Detalhes bibliográficos
Autor(a) principal: Lima, Jaqueline de Jesus
Data de Publicação: 2020
Outros Autores: Oliveira, Mauro Macedo de
Tipo de documento: Artigo
Idioma: por
Título da fonte: Revista Produção Online
Texto Completo: https://www.producaoonline.org.br/rpo/article/view/4012
Resumo: The importance of planning future needs arises from the requirements of decision-making processes, since all businesses are susceptible to unforeseen events and need to be flexible. In the process of carrying out aggregate planning, it is important to know the demand to scale the productive capacity. A forecast study was carried out at a company in Ceará, Brazil, where burro and yellow cavendish bananas are produced on 330 acres.
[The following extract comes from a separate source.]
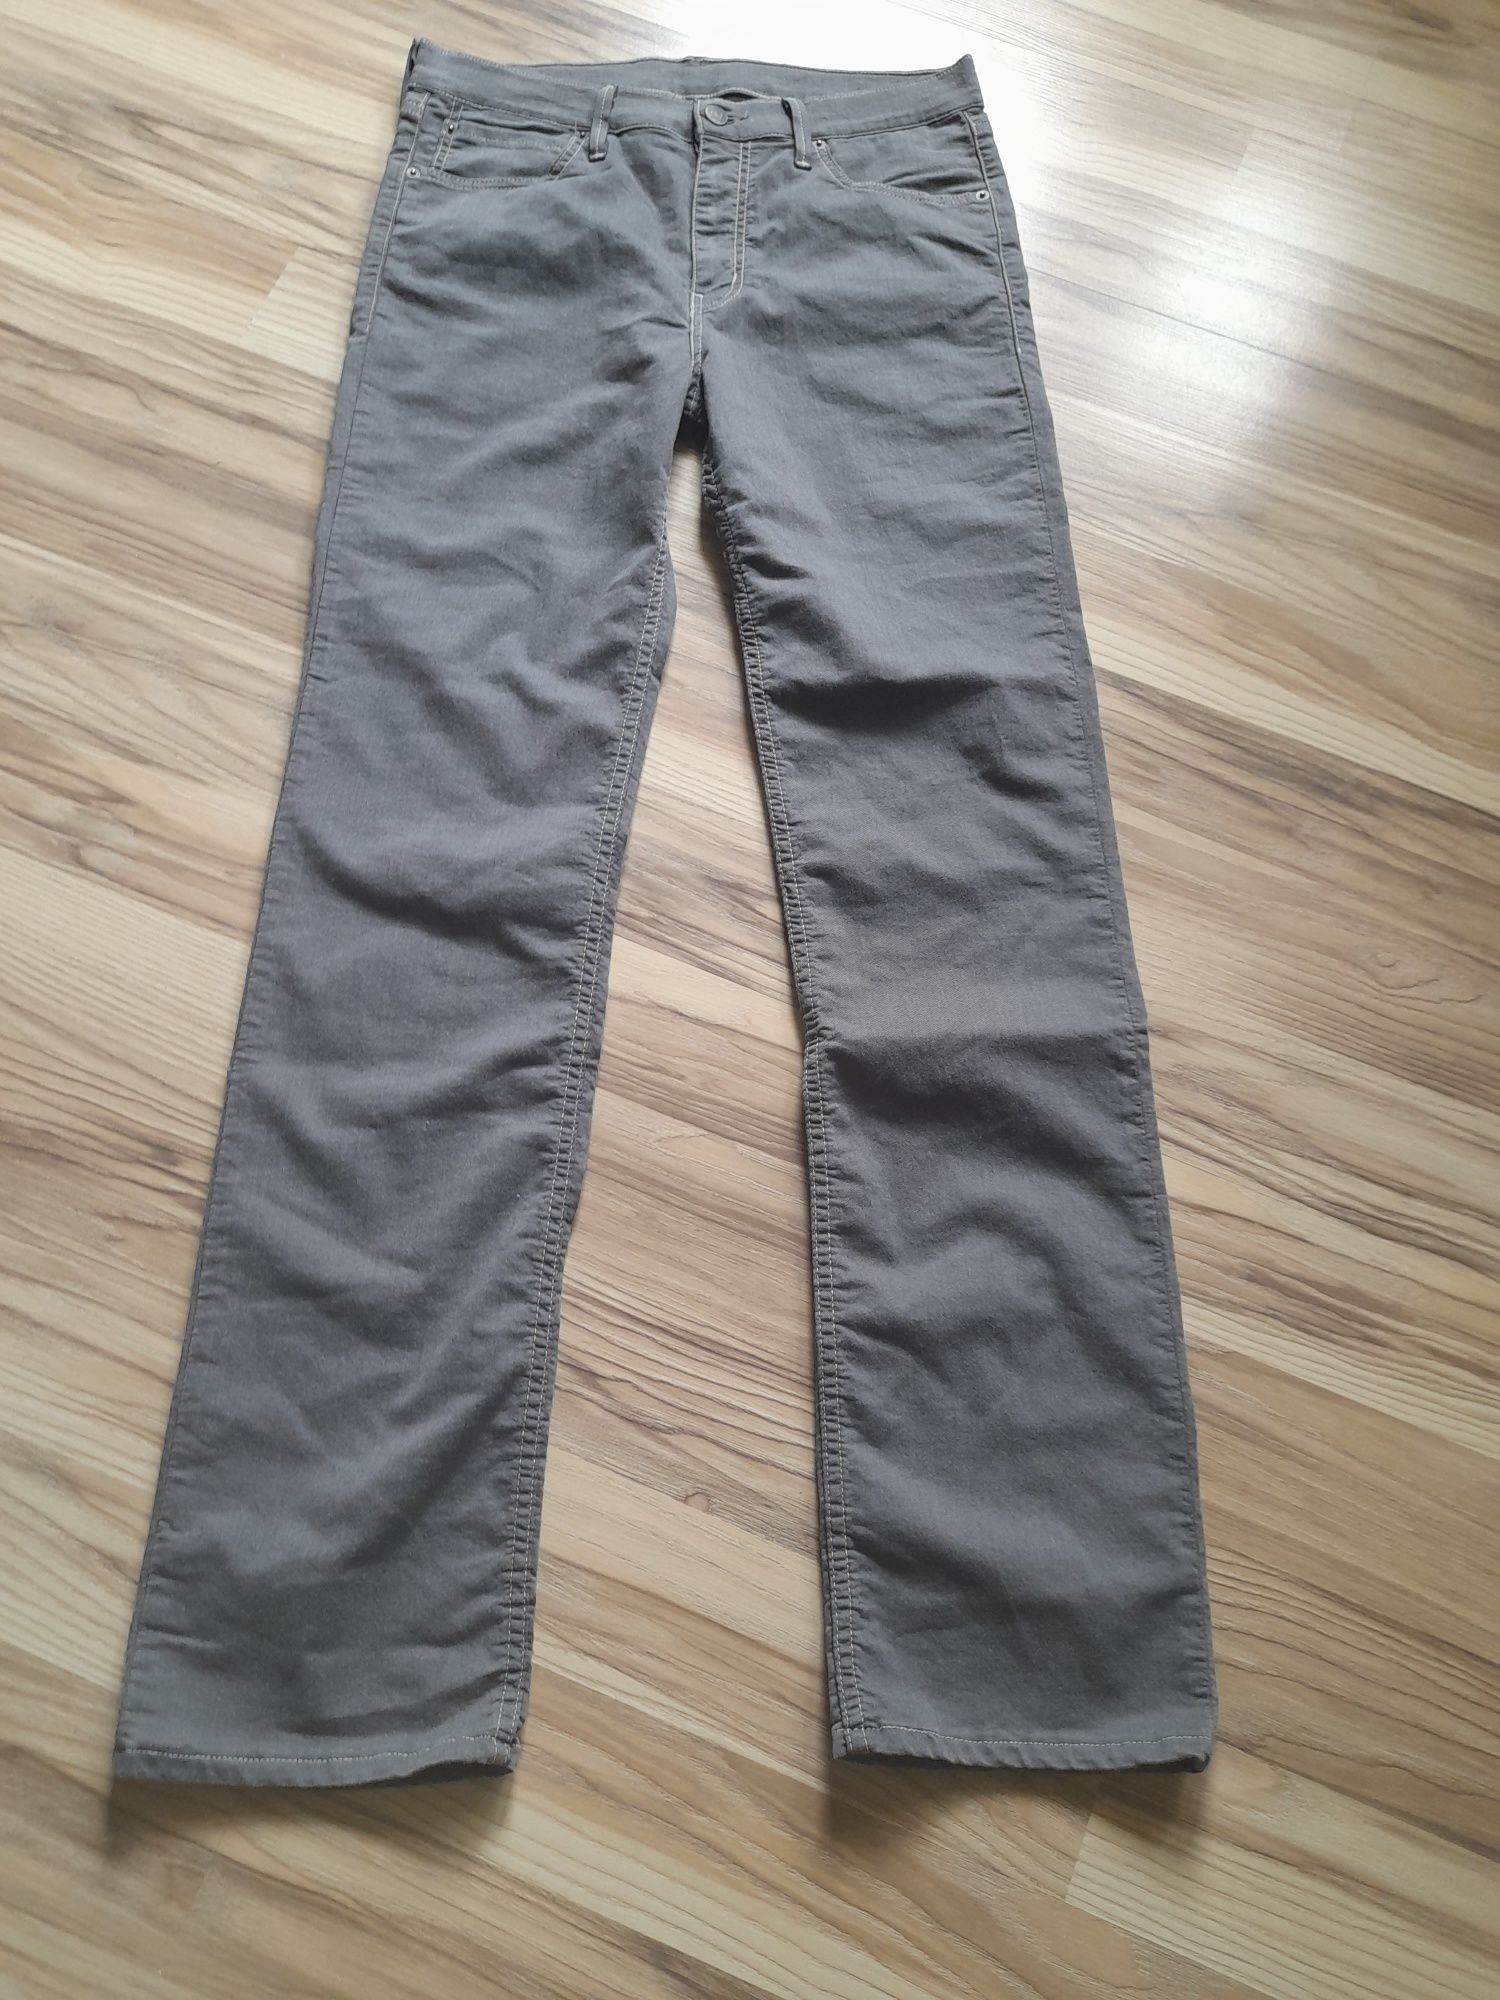 Spodnie męskie jeansowe 34/34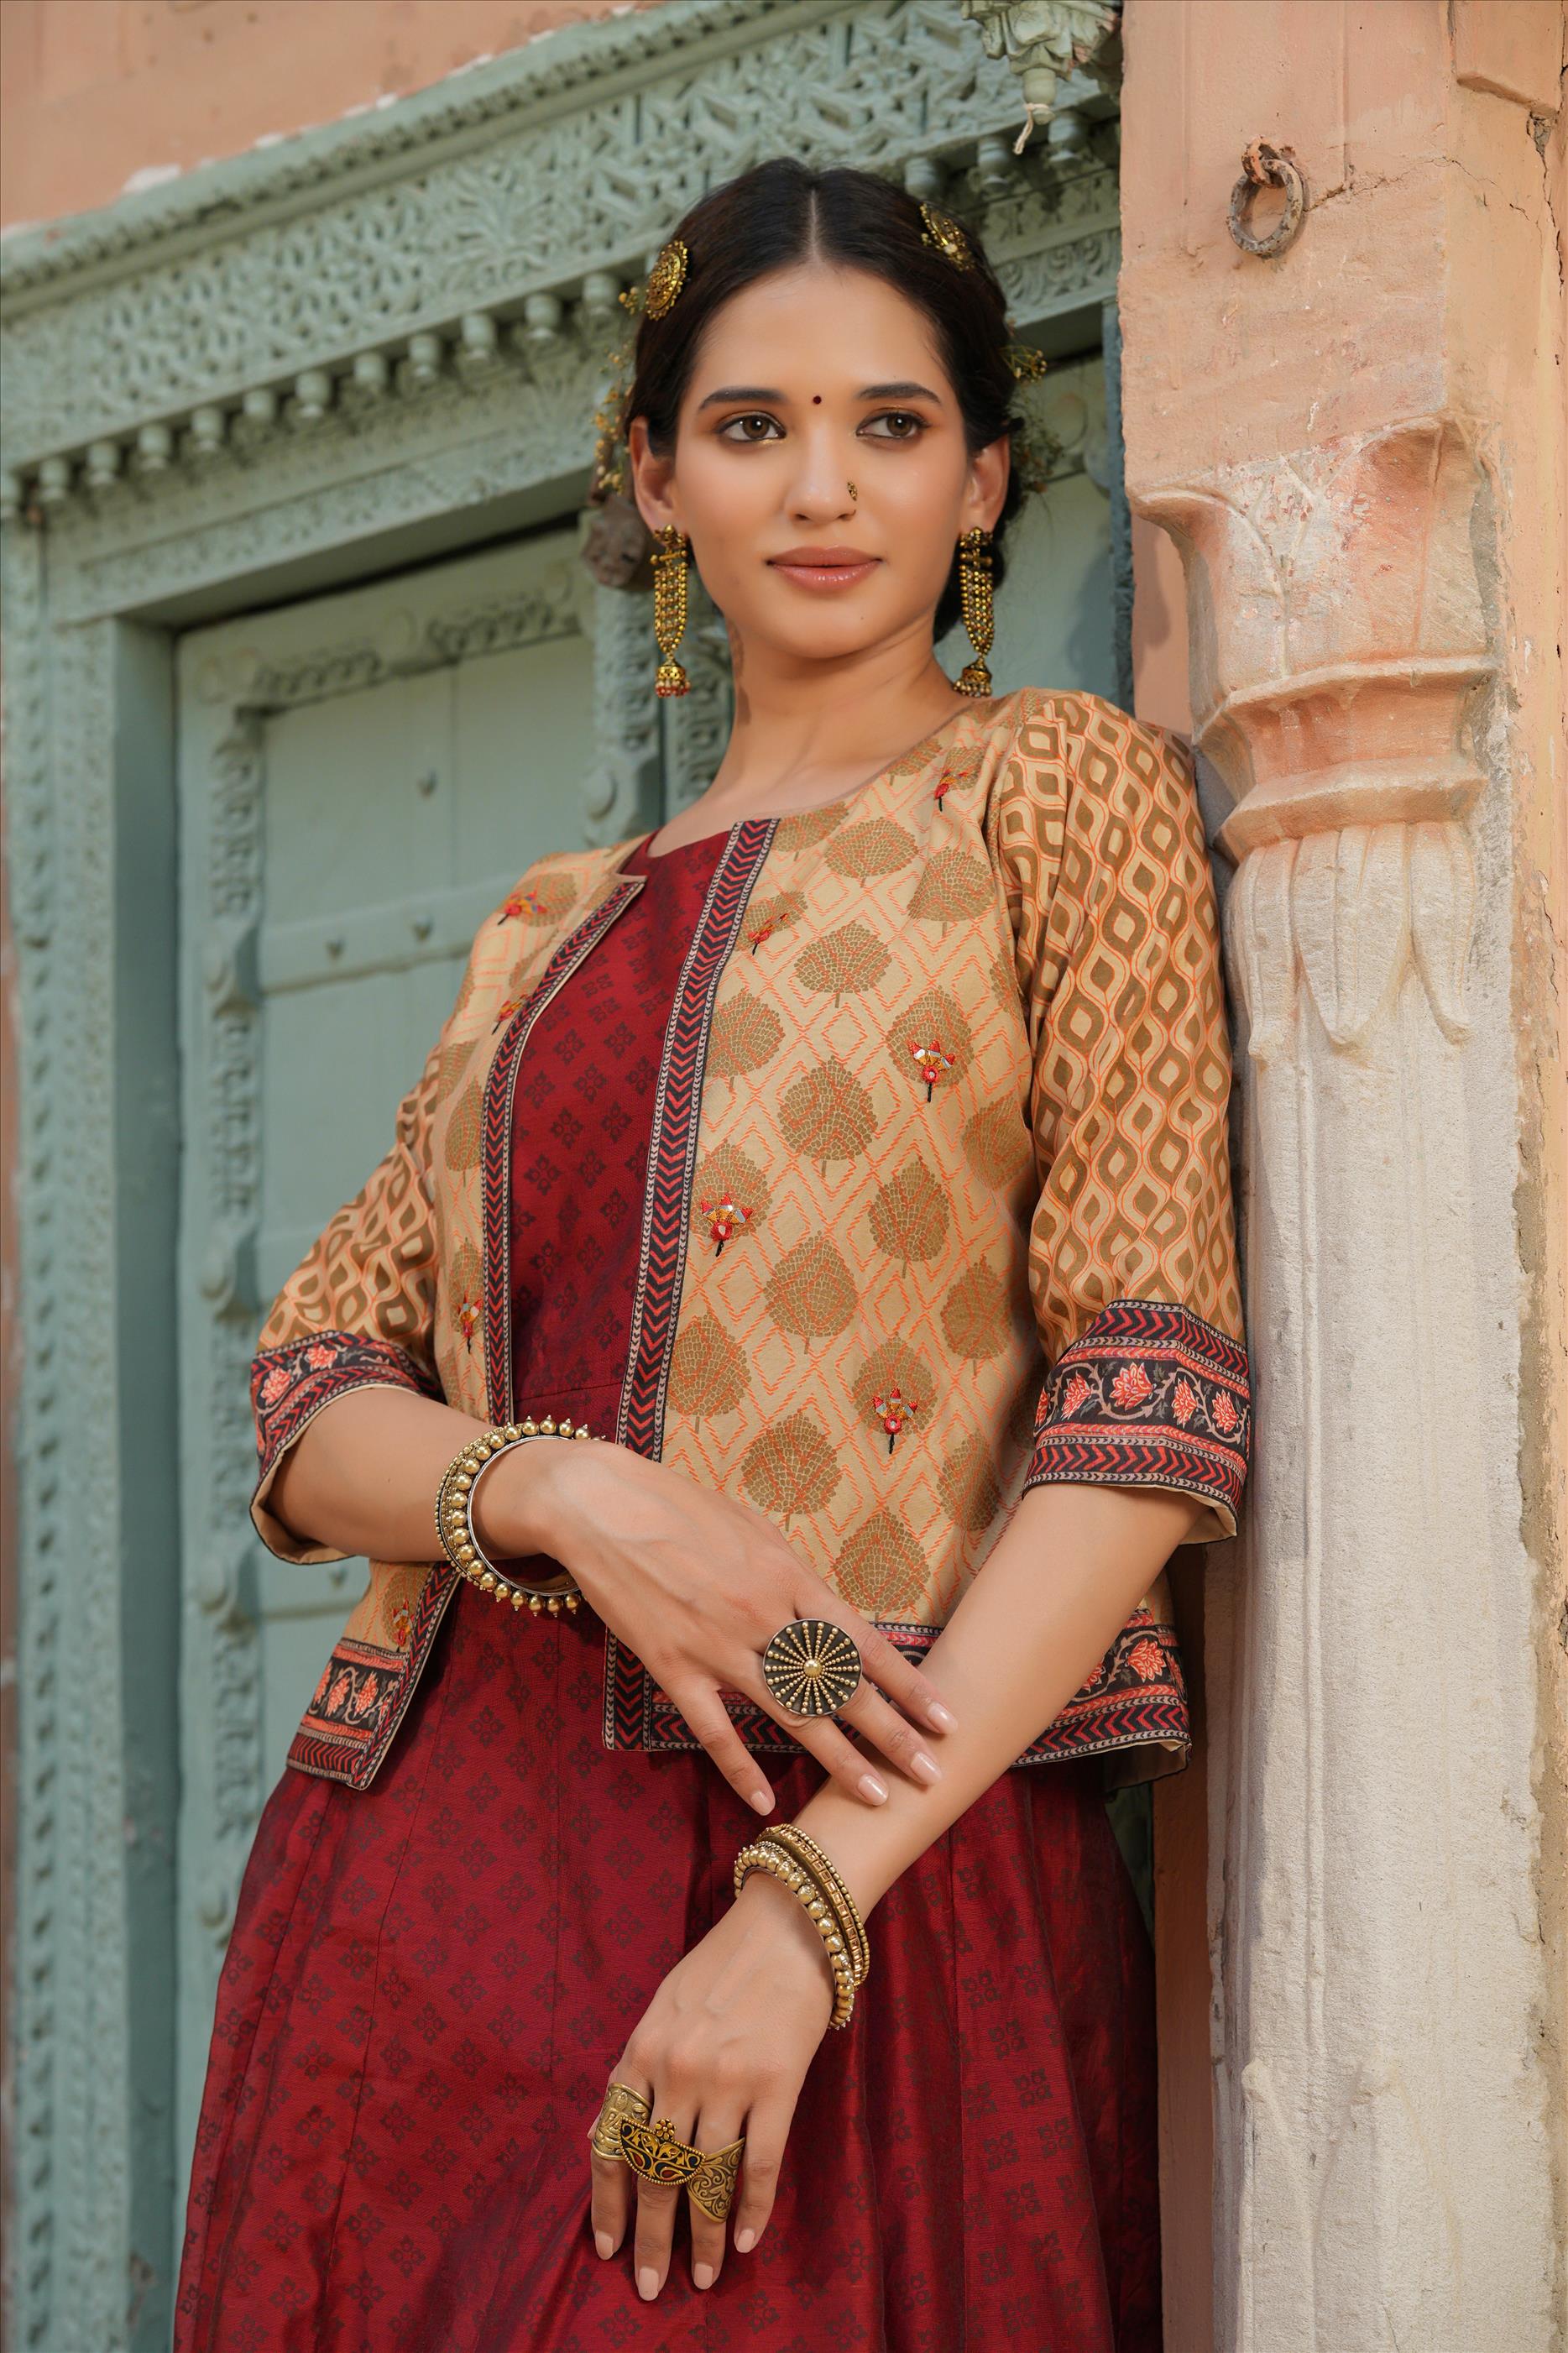 Maroon Banarasi Kora Silk Ajrakh Print Anarkali Dress With Block Printed Jacket

This work is an explanatory and quantitative research, in which historical sales data were initially collected and then their behavior was verified using statistical tests. The burro banana was chosen for its representativeness to the company. Growth trend and seasonality behaviors were identified. After this verification, the ARIMA and Holt-Winters methods were applied for the burro banana in order to identify the method that was best suited. This becomes essential to avoid imbalances between the production and commercial team. The method that presented the best results were ARIMA (1,1,1) with MAD, MAPE and MSD as validation criteria.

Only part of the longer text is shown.